Старушка лежала вовсе не страшная. На лице у нее было все спокойно: глаза призакрыты веками, рот сомкнут, морщины, хоть и не расправились, но все равно стало их как бы поменьше и не такие глубокие, как прежде. Вот нос, конечно, не убавился, скорей наоборот. Еще при жизни ввалившиеся губы не могли уже ничего изобразить, и все же некое воспоминание об улыбке исходило от поверженного лица, как бы испарение недавнего света мыслей источалось в полумрак ее вдовьего алькова.
И тут Парамоше пришел на память его недавний разговор с бабой Липой. Он тогда зубы ей заговаривал, чтобы она не впадала в забытье, чтобы не умирала подольше. Машинально спросил он ее о счастье. «Вот вы столько лет прожили, в чем, скажите, по-вашему, счастье в жизни, Олимпиада Ивановна?» Даже самый серьезный вопрос может оказаться глупым — смотря как, когда, а главное — кто его задает? Но баба Липа не отмахнулась. Она ответила примерно так: «Счастье, Васенька, в улыбке. Ежели человек улыбается, значит, в ем счастье». — «А что, — подумал он тогда. — В этом что-то есть. По себе знаю: в любой озверевшей компании появись с улыбкой на губах — никто тебя не тронет. Во всяком случае, бить по улыбке кулаком не станут».

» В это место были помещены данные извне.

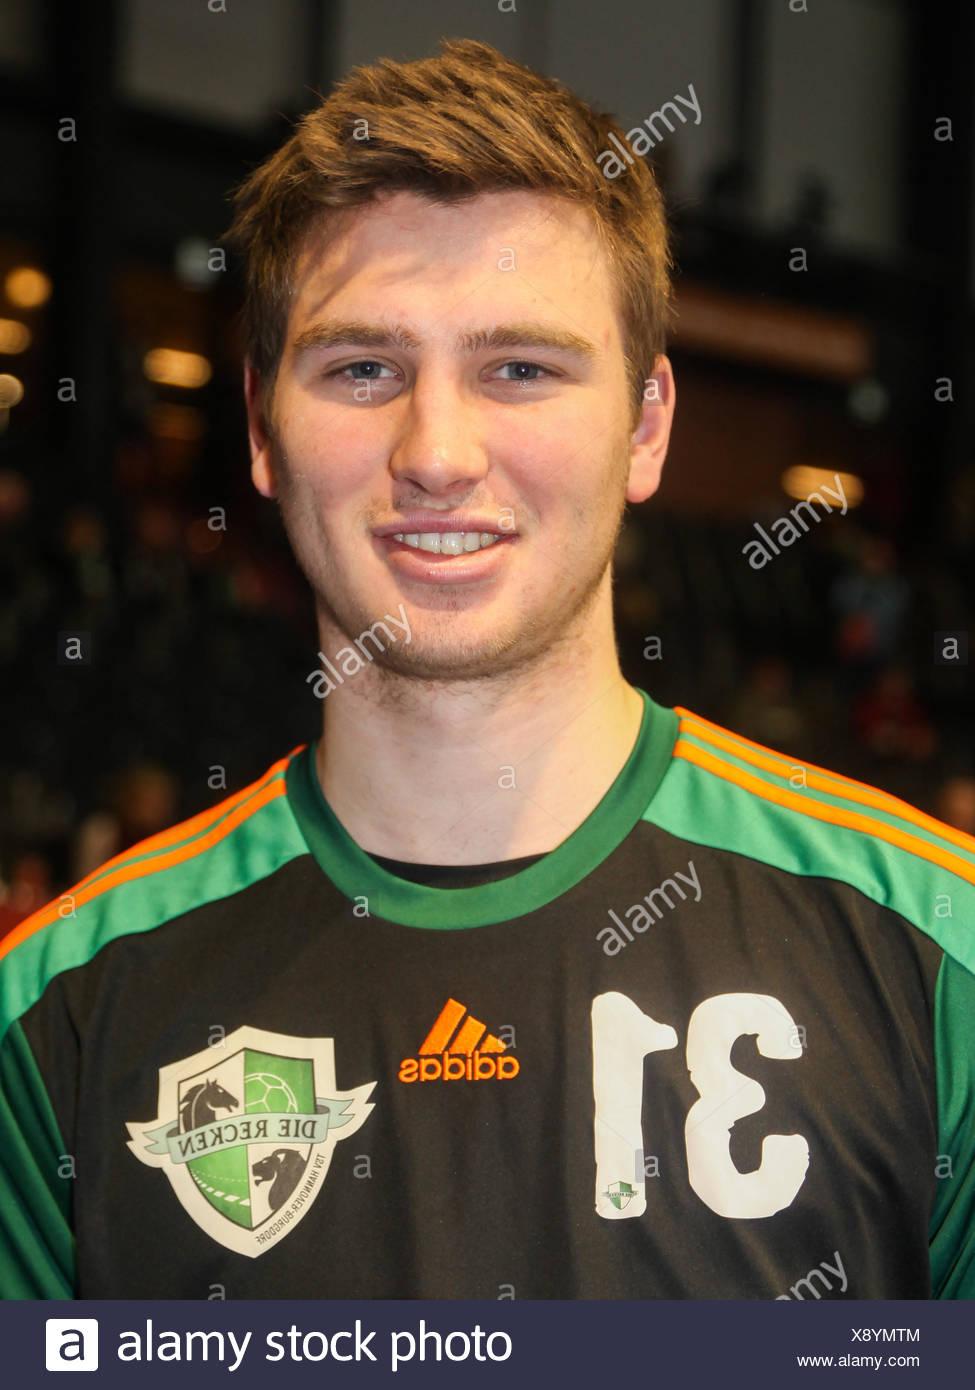 Maurice Dräger (TSV Hannover-Burgdorf) Stock Photo

И, глядя сейчас на отблеск угасшей улыбки старой женщины, благодарный Парамоша и сам улыбнулся, и ничего гнетущего не ощутил. Психоватенькая, издерганная «городским образом жизни» конструкция Васеньки устояла. После многоминутного обследования лица покойной Парамоша почувствовал себя если не блудным сыном земли, матери нашей всеобщей, то в какой-то мере близким родственником этой умолкнувшей женщины, обязанным ей своим новым духовным пристанищем, и начиная с этих минут понес в себе великий торжественный долг, сделался по-настоящему озабоченным, то есть взрослым.
Именно в эти мгновения Парамоша трезво и окончательно принял решение самолично похоронить Олимпиаду Ивановну. И не только похоронить, но совершить все, что можно и нужно при этом совершить, и прежде всего то, о чем просила она его сама. Нужно было найти Олимпиадину божественную книгу и прочесть оттуда наугад, что раскроется. Погадать. Это раз. «Закрыть глаза»— прижать их медными пятаками. Правда, глаза у бабы Липы и так были закрыты, но просьбу исполнить необходимо. Это два. Васенька порылся в карманах, отыскал старинную, времен Анны Иоанновны огородную денежку и еще — современные три копейки. Приготовился наложить их на глаза умершей и тут вспомнил, что покойников в старину (а может, и сейчас? кто знает? у кого справиться?) обмывали. Черемисов-художник рассказывал про обмывание после того, как побывал на похоронах своей бабушки где-то на Волге, под Кинешмой. Прежде чем земле предать — предают воде. Вначале, при рождении, и — в конце.